To get the average number of risky item people chose, we can simply take the mean over the second dimension of rsk, i.e. take the mean over the questions for each subject
meanRiskTaking = mean(rsk,2);
Then we can plot the relatinoship between blink rate and risk taking like this ...
clf;
plot(BR, meanRiskTaking, '.', 'markersize', 50)
xlabel('blink rate')
ylabel('average risk taking')
set(gca, 'fontsize', 18)
Does this look like a real relationship? It's hard to say, let's try adding a best fitting straight line - in Matlab you can get this with the lsline function
clf;
plot(BR, meanRiskTaking, '.', 'markersize', 50)
xlabel('blink rate')
ylabel('average risk taking')
set(gca, 'fontsize', 18)
l = lsline;
set(l, 'linewidth', 3, 'color', 'r')
Well, at least it's a line with a positive slope! But we can do some formal statistics in Matlab too. Let's use the "corr" function to compute the correlation coefficient and the statistical significance ...

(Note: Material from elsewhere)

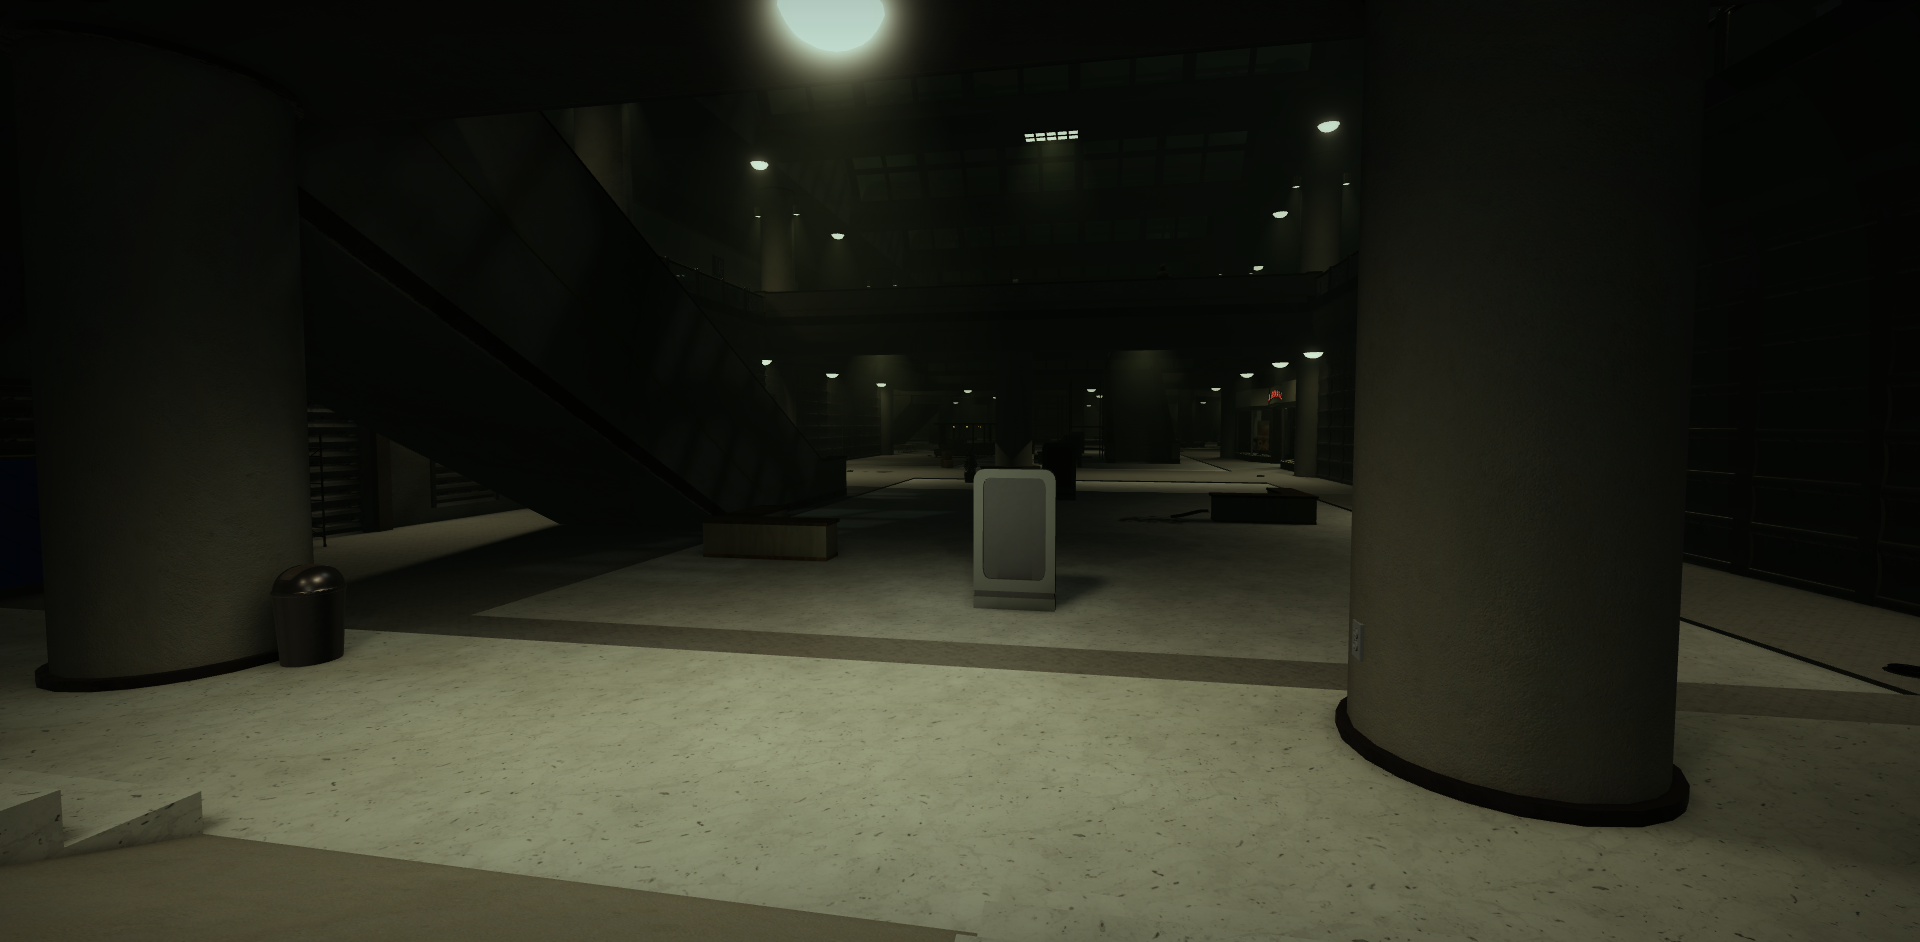 18 Mall - Apeirophobia Levels Explained #roblox #robloxbackrooms #apei, backrooms levels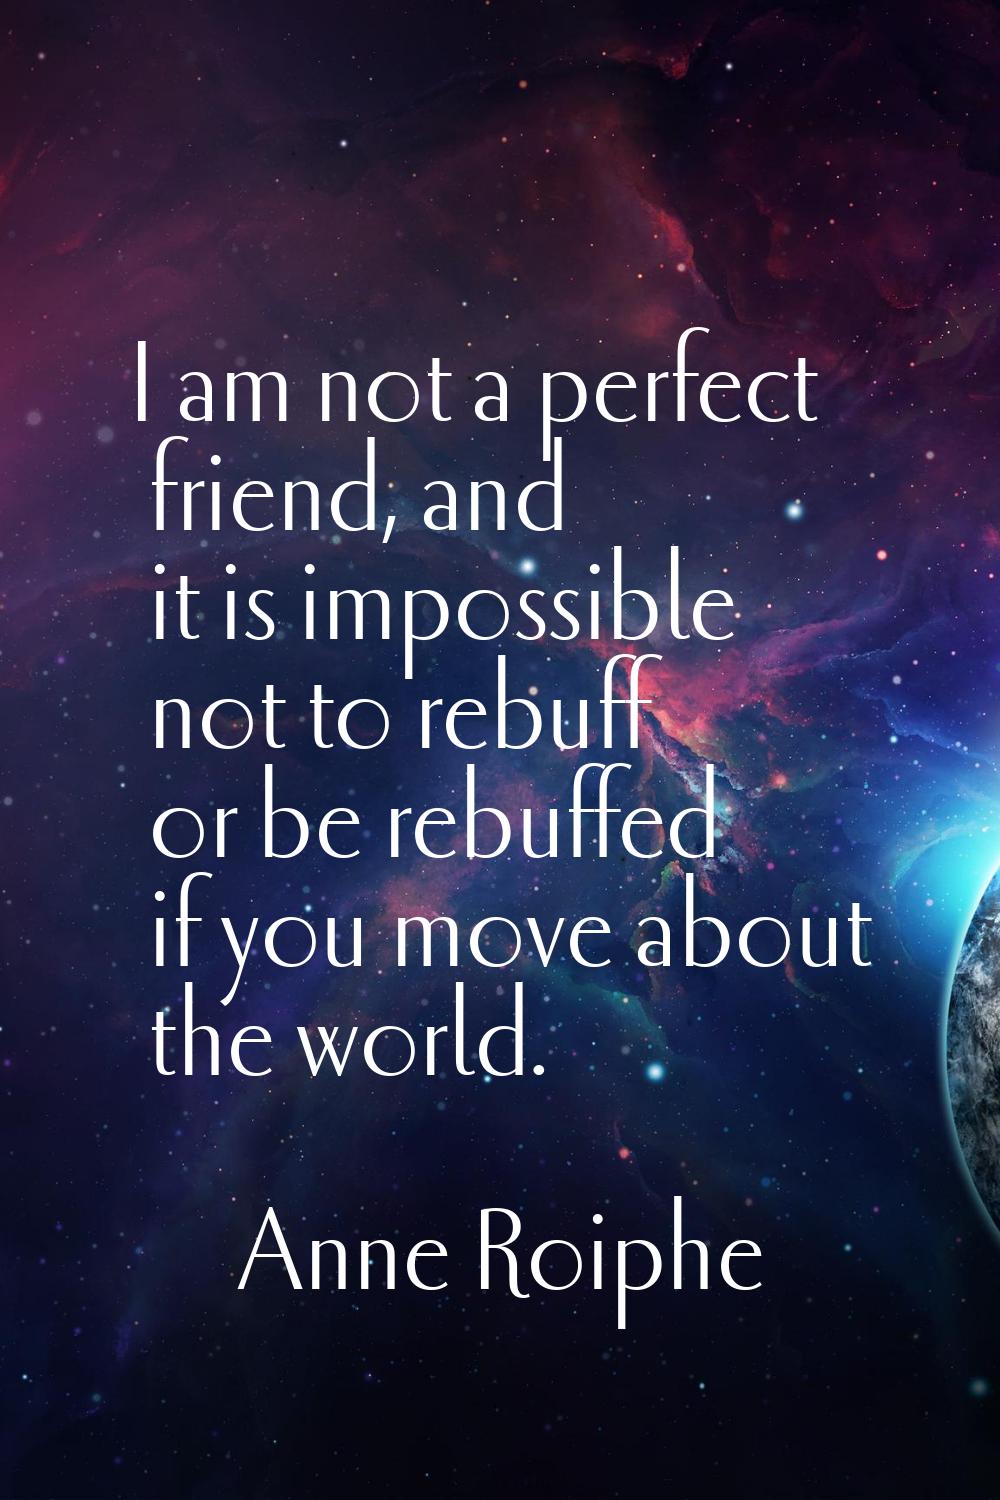 I am not a perfect friend, and it is impossible not to rebuff or be rebuffed if you move about the

[r,p] = corr(BR', meanRiskTaking)
r = NaN
p = NaN
Oops! We have to deal with the NaNs. Unfortunately there's no "nancorr" like there is nanmean, instead we will have to do it manually.
First find the indices of BR that are not NaNs ...
ind = find(~isnan(BR))
ind = 1×135
1 2 4 5 6 7 8 9 10 11 12 13 14 15 16 17 18 19 20 21 22 23 24 25 26 28 29 31 32 33 34 35 37 38 39 40 42 44 49 50 51 52 53 54 55 56 57 58 59 60
That's most, but not all of the data points. Then run the correlation on just these participants ...
[r,p] = corr(BR(ind)', meanRiskTaking(ind))
r = 0.0889
p = 0.3051
That's a small correlation coefficient (r = 0.0889) and a high p value. Not strong support for our hypothesis.
If you do the Extra Credit item in the Assignment you will take another look at these data with a differnet analysis that provides a hint that maybe there is a relationship after all. Indeed, in another experiment in my other classes (PSY 333 and PSY 433) I've consistently found a relationship between blinks and risk taking, although the effect size is small so it needs 100s of participants worth of data to detect.